Supplied data Start Marker

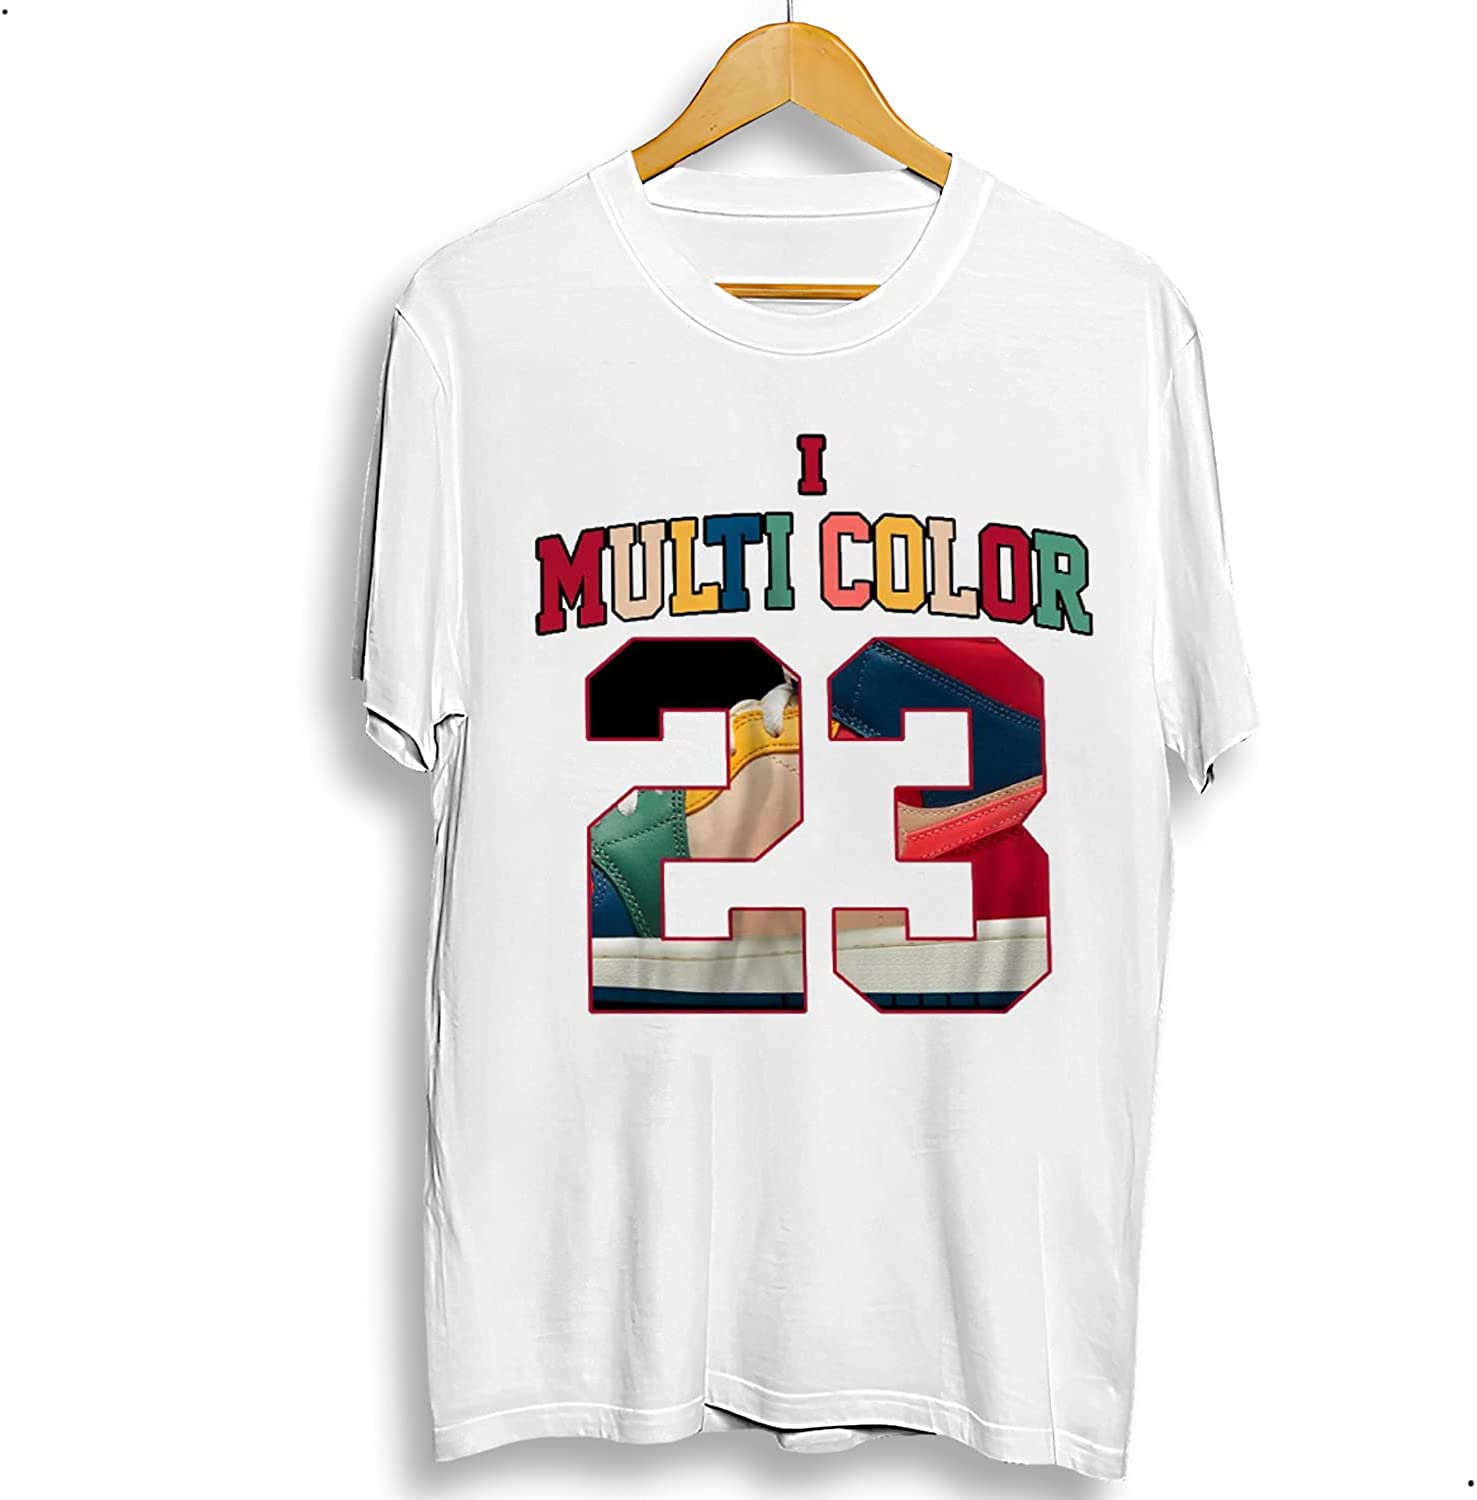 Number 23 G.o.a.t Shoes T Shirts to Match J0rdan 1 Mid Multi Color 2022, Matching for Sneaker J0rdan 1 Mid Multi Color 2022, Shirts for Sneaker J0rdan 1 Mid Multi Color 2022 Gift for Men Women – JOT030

Supplied data End Marker
Supplied data Start Marker

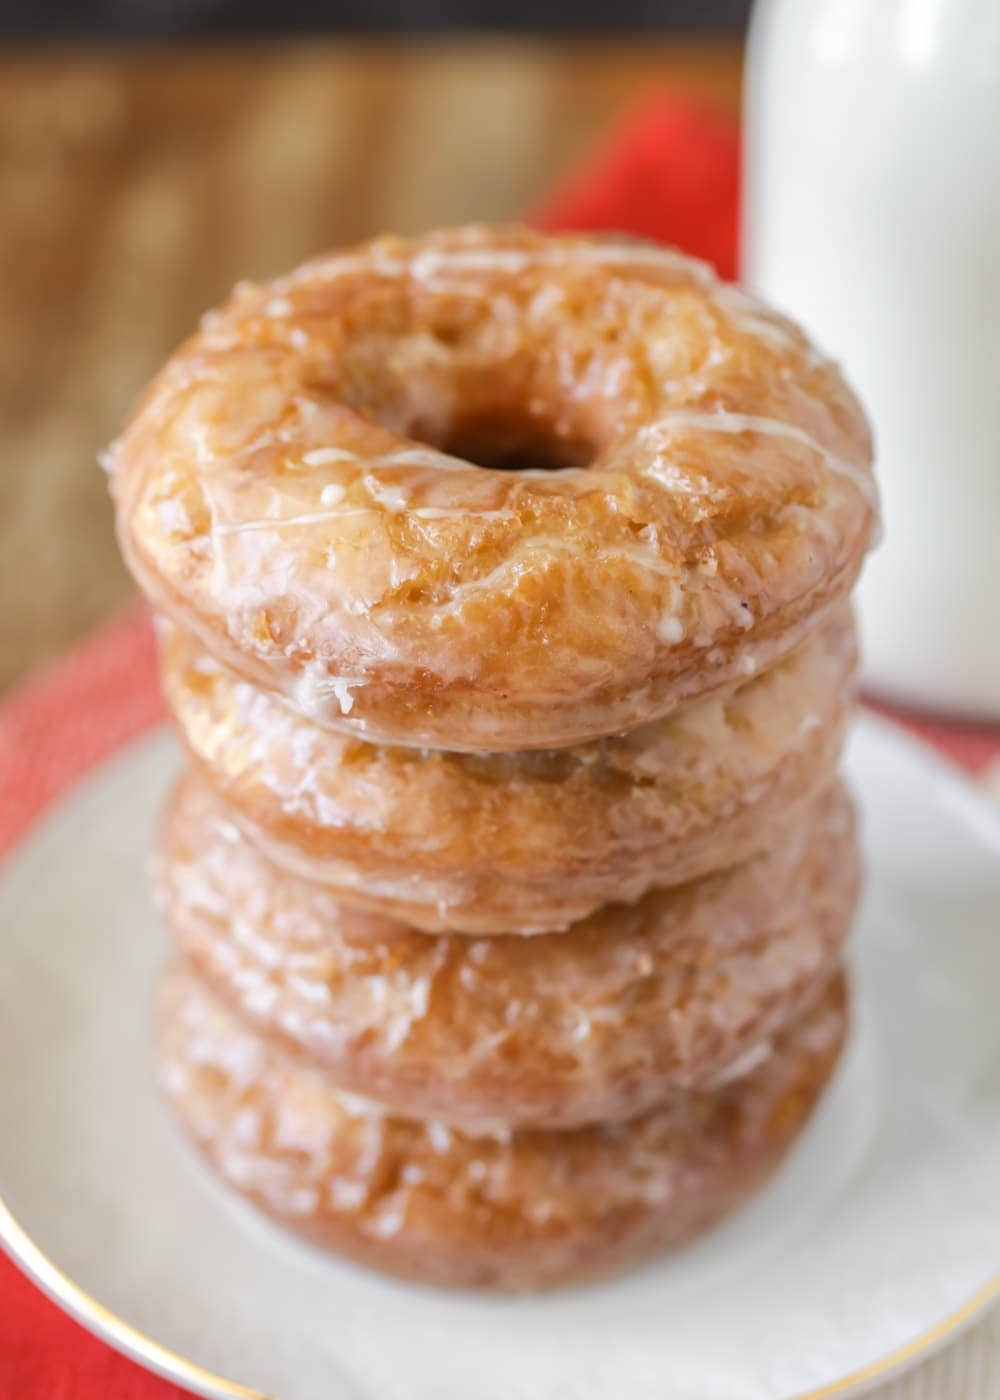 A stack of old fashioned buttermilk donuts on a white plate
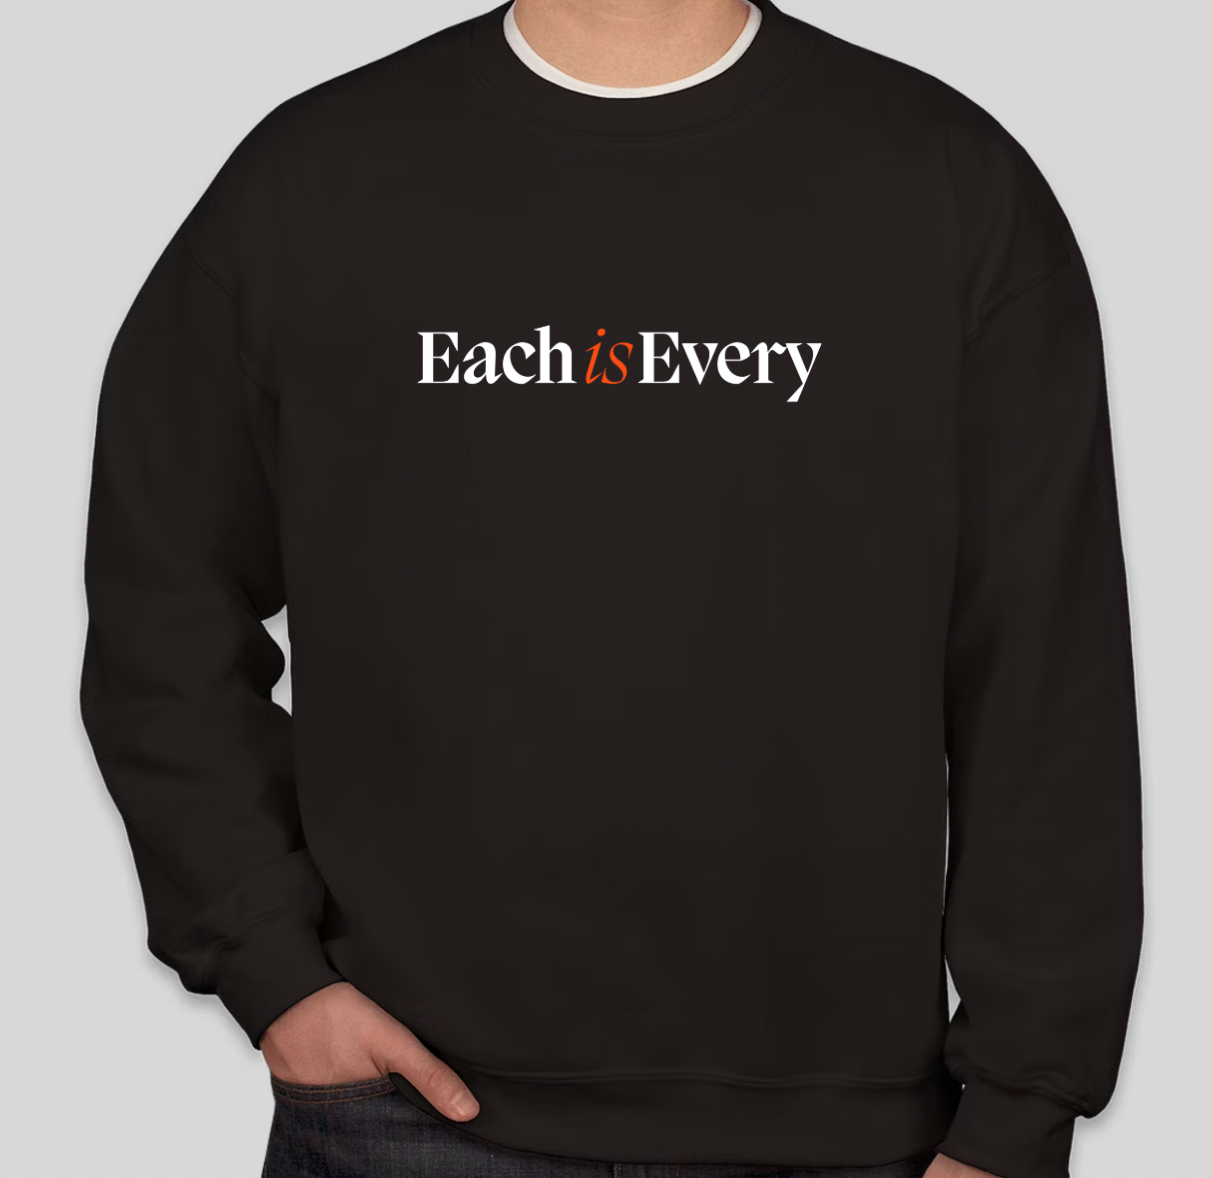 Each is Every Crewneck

Supplied data End Marker

* [Assignment]:
Write down exactly what the lines above say, from the line holding "A stack of old" through the line holding "Each is Every Crewneck", and nothing more. Do not copy the pictures.

* [Solution to this exercise]:
 A stack of old fashioned buttermilk donuts on a white plate
 Each is Every Crewneck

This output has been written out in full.